The Hot Box: Rufus Thomas "The Breakdown Pt 1 + 2"
Welcome to The Hot Box! where we look at 7inches with two sides of dopeness that are a must-have for your 45 boxes.
45s have seen a rise in popularity in recent years among collectors, but especially with vinyl DJs. For most, it's a choice based on ease of transport. Being able to boil down your entire night's set into a small box of 45s is far more appealing than lugging multiple (read: heavy) crates of LPs or 12s. That's just a simple choice to protect your back. Some DJs go even further and switch their whole collection from 12inch to 7inch, opening up floor space and appeasing their spouse or partner in the process. But in audiophile terms, they are often much louder than their larger counterparts due to the increased size of the grooves in the vinyl.

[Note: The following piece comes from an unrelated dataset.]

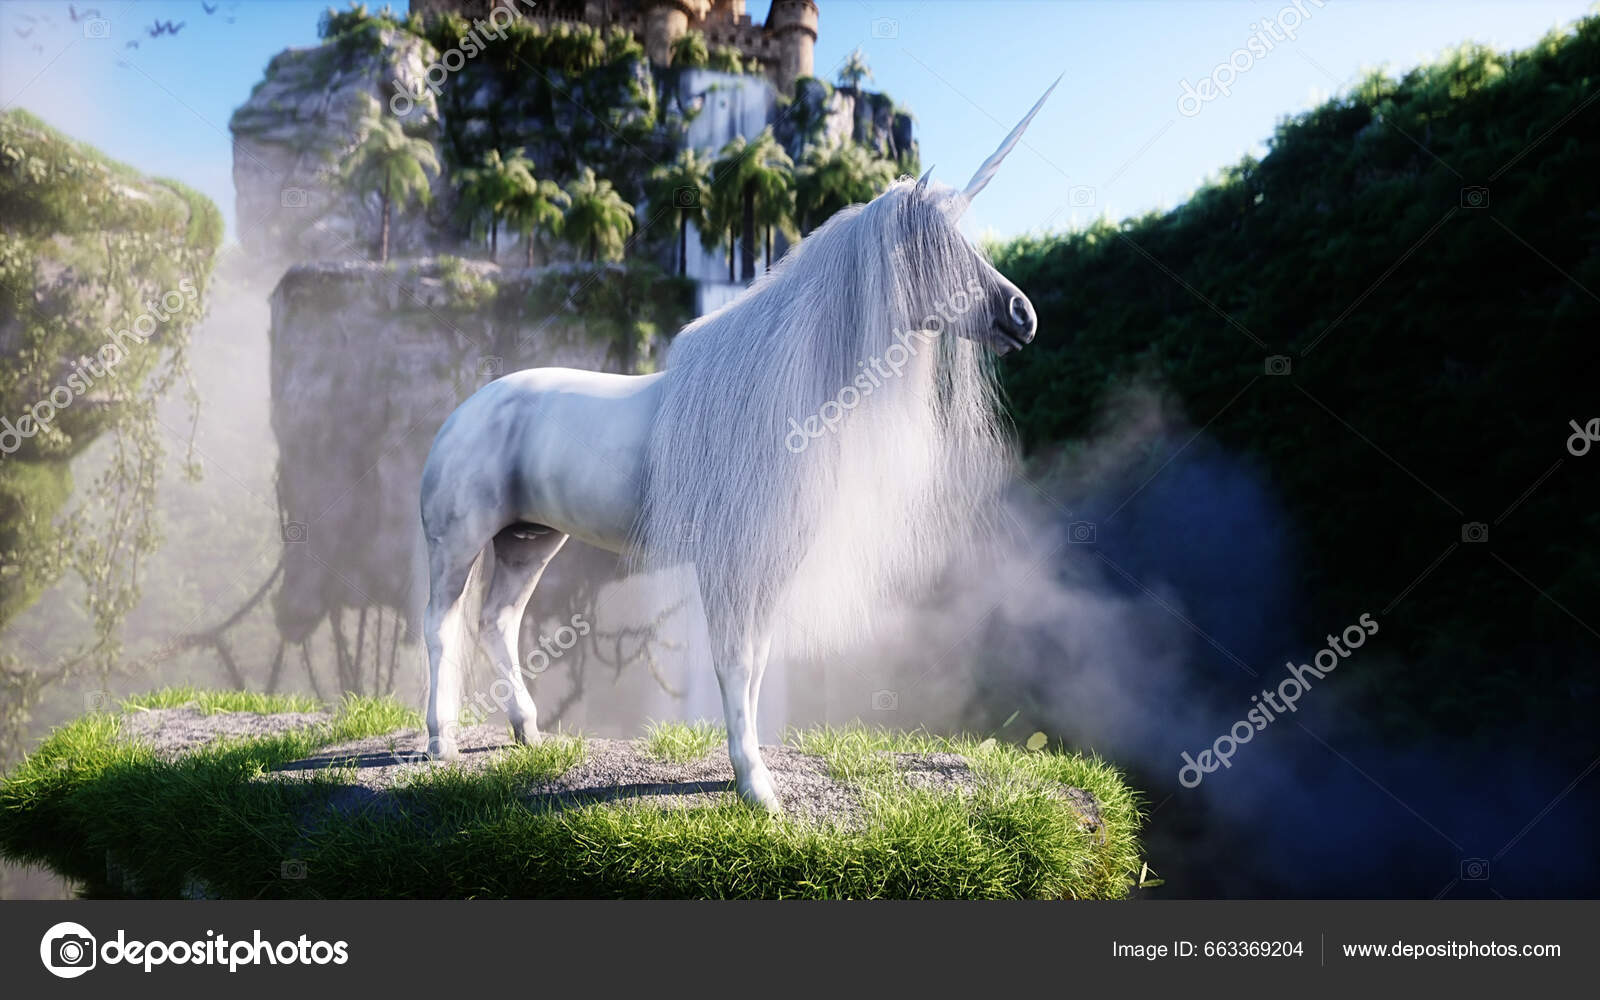 Download Unicorn, Nature, Fairytale. Royalty-Free Vector Graphic

But most important to me is how DJing with 45s takes away almost every technological luxury we've been blessed with over the past 15 years. Namely the decision overload brought about by having thousands and thousands of songs loaded in your DJ software like Serato, Traktor, or Ableton. With 45s it becomes all about crafting your box of 45s into the hottest one possible, an exercise in curation where the nerdiest of record nerds thrive.

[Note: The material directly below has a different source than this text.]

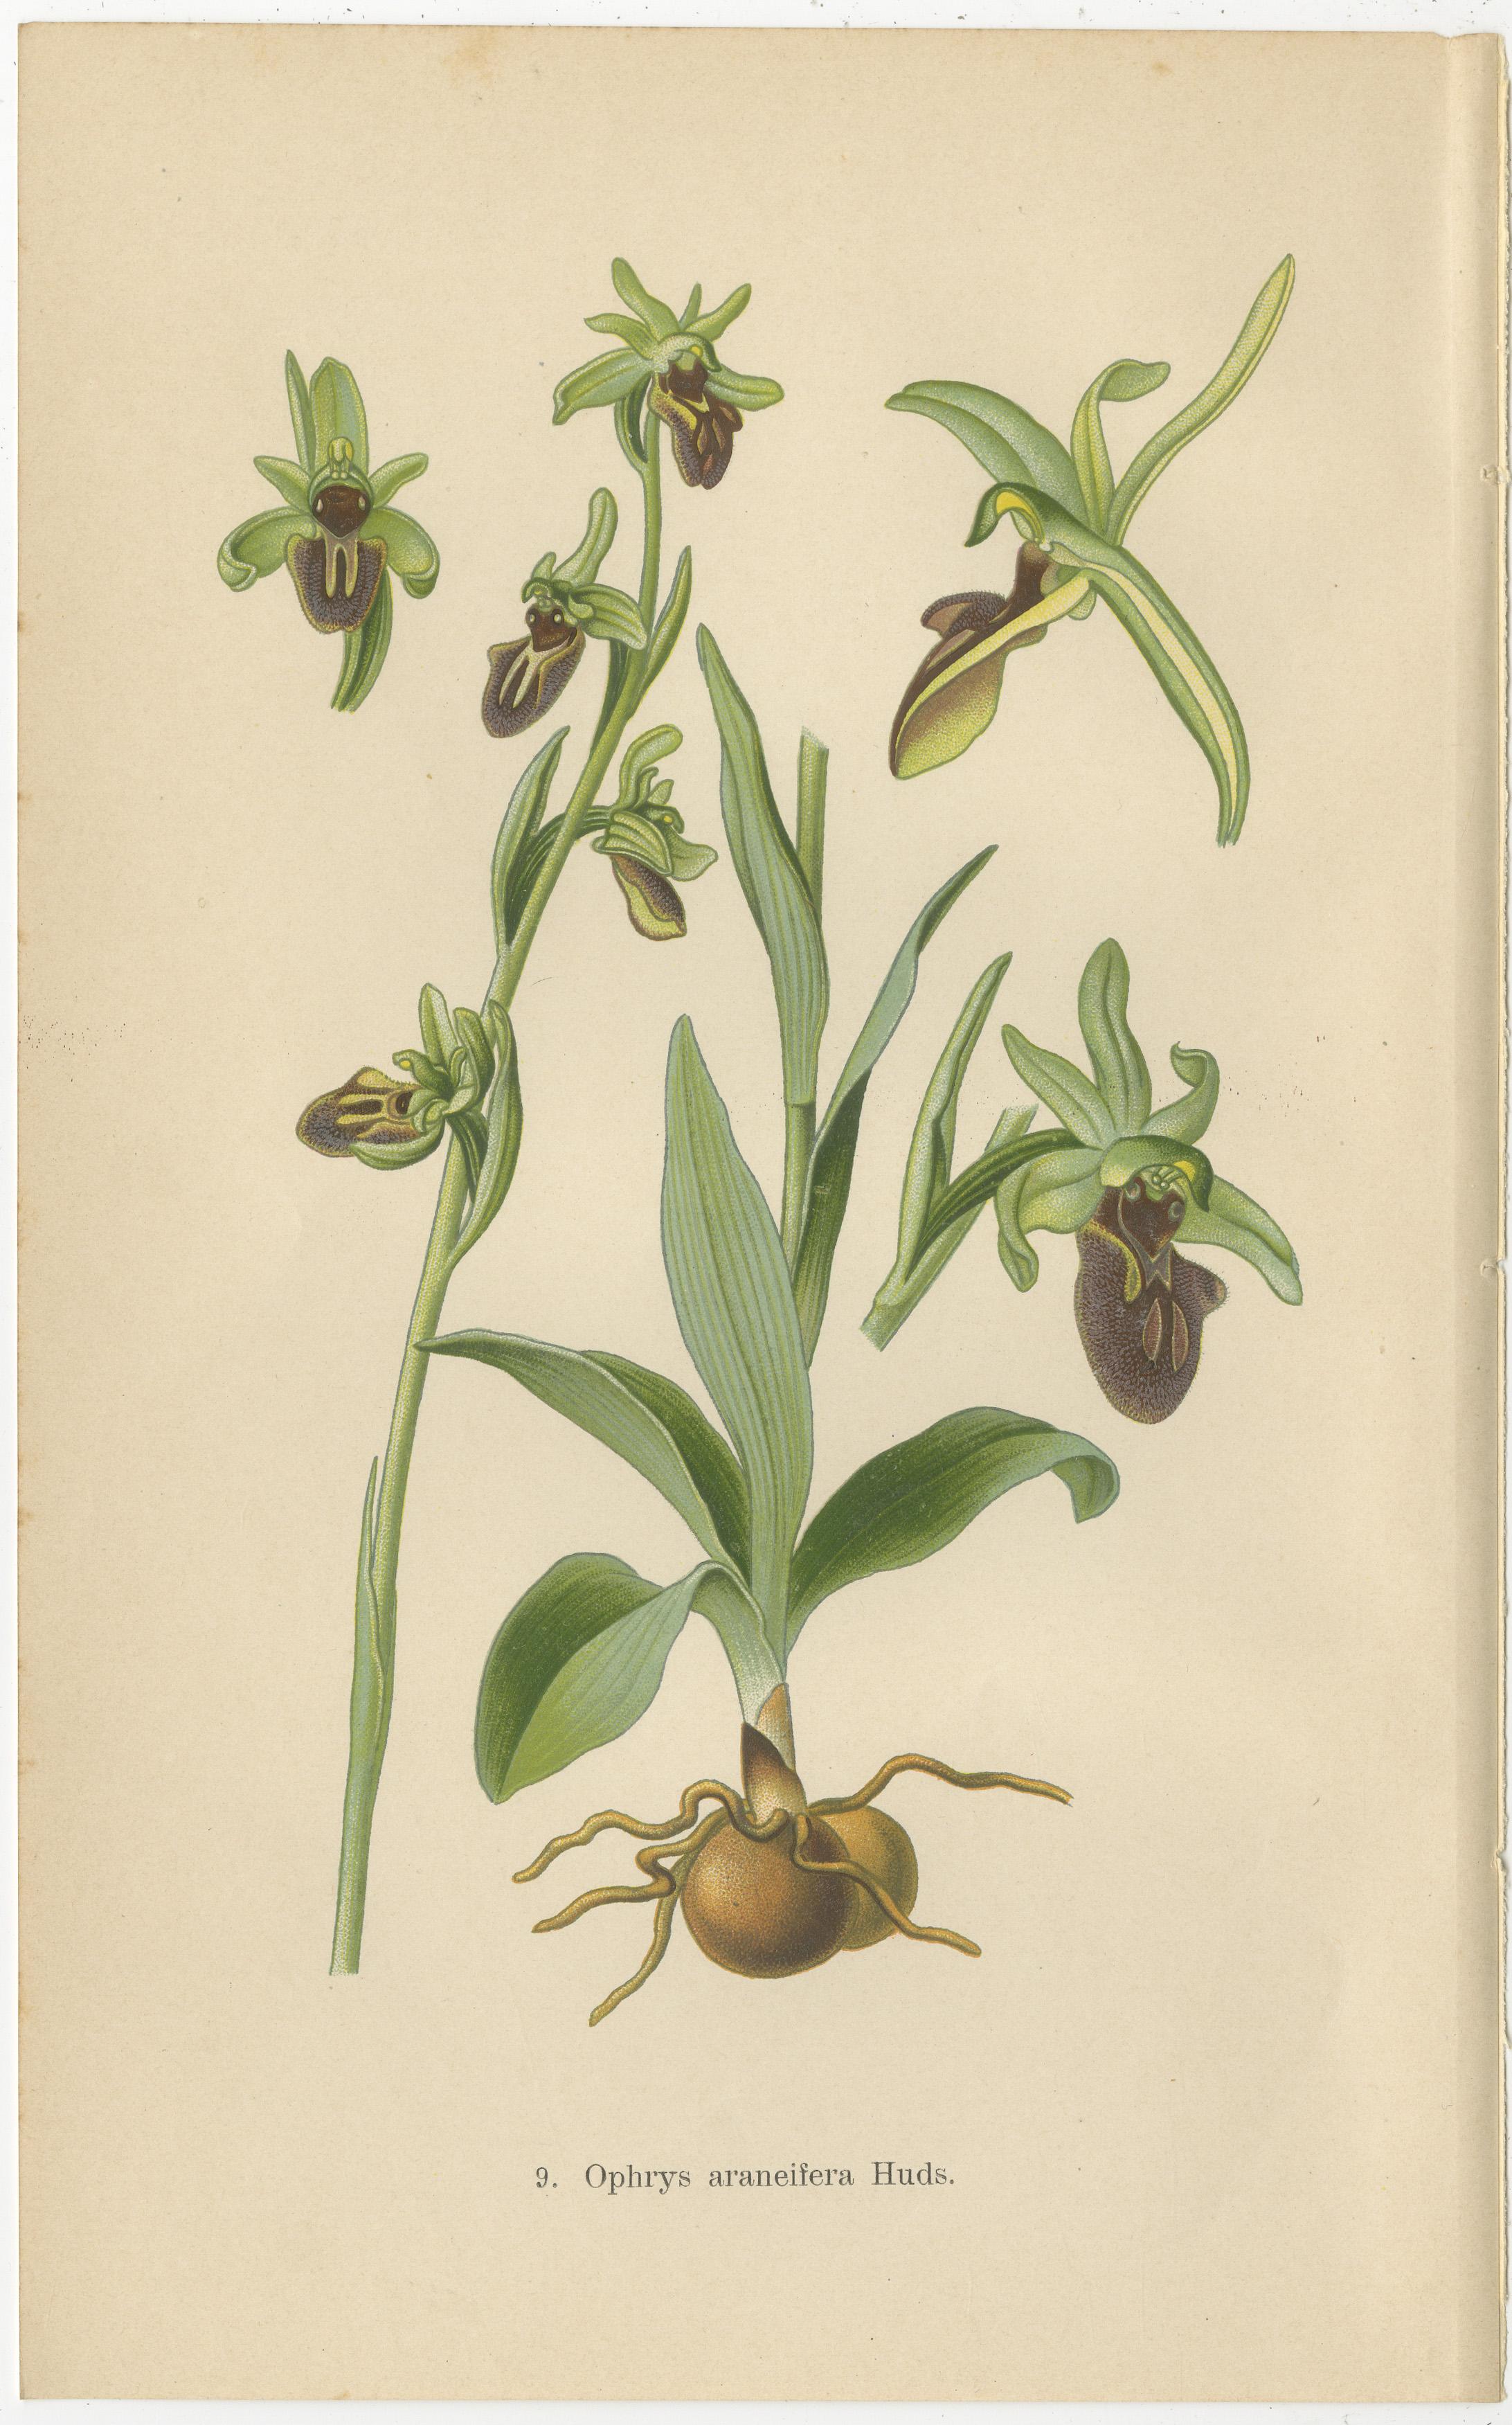 The collage presents a curated selection of Ophrys species, each meticulously illustrated to showcase the distinctive features that characterize these unique orchids. 

The first image,

The featured 45 for today exists in my collection for a few obvious reasons, and one newly important reason in the season of the pandemic.
First, the obvious. Just based on the music content alone, this 45 is two sides of funky fire. Here are the clips so you can come to that conclusion yourself.
But Thomas explains it best, "The real funky one I did was "Breakdown," that heavy gutbucket bottom, that's what made that funk, that heavy bass and, and the big foot on the drum, that's what made that funk."
Beyond that, this one makes the cut because of its importance in Hip-Hop history. Between the two sides, this 45 has been sampled in hundreds of songs, was featured on the Ultimate Breaks and Beats compilations, and contains a big ol' chunky drum break - which makes mixing a little easier but also makes me verrry happy as a digger and producer.
But what about the reason for the season?
Memphis musician Rufus Thomas was a man of many talents in his lifetime, through several crucial periods in US history, but his two strongest characteristics that speak to current times are how he diversified & leveraged his skillset, and his decision to rep hard locally.
Being multifaceted and his ability to evolve brought Thomas longevity. Beginning his career in the Vaudeville era as a song & dance man with a focus on the dance, specifically Tap. From there, he decided to work on his songwriting, "I just wanted to make a record. I never thought of getting rich. I just wanted to be known, be a recording artist" Thomas states. He didn't get rich, songs underperformed, and recording opportunities dried up. But he was becoming known and soon after this first shot at recording, he turned to radio broadcasting and accepted a DJ role at WDIA in Memphis where he shaped the station into an important voice in Blues and R&B music.
This newfound celebrity led to the release of his national hit "Bear Cat" on the fledgling Sun Records imprint. But it was a curse in disguise as the song nearly ended the label due to a copyright claim. What's more, this, in conjunction with the ever-increasing racial divides being drawn in entertainment in the U.S. during the 1950s, were catalysts for the label's redirected focus onto White audiences with Thomas eventually being released from his contract. The rise of Elvis Presley was a result of this transition and he even recorded a version of Thomas' song "Tiger Man."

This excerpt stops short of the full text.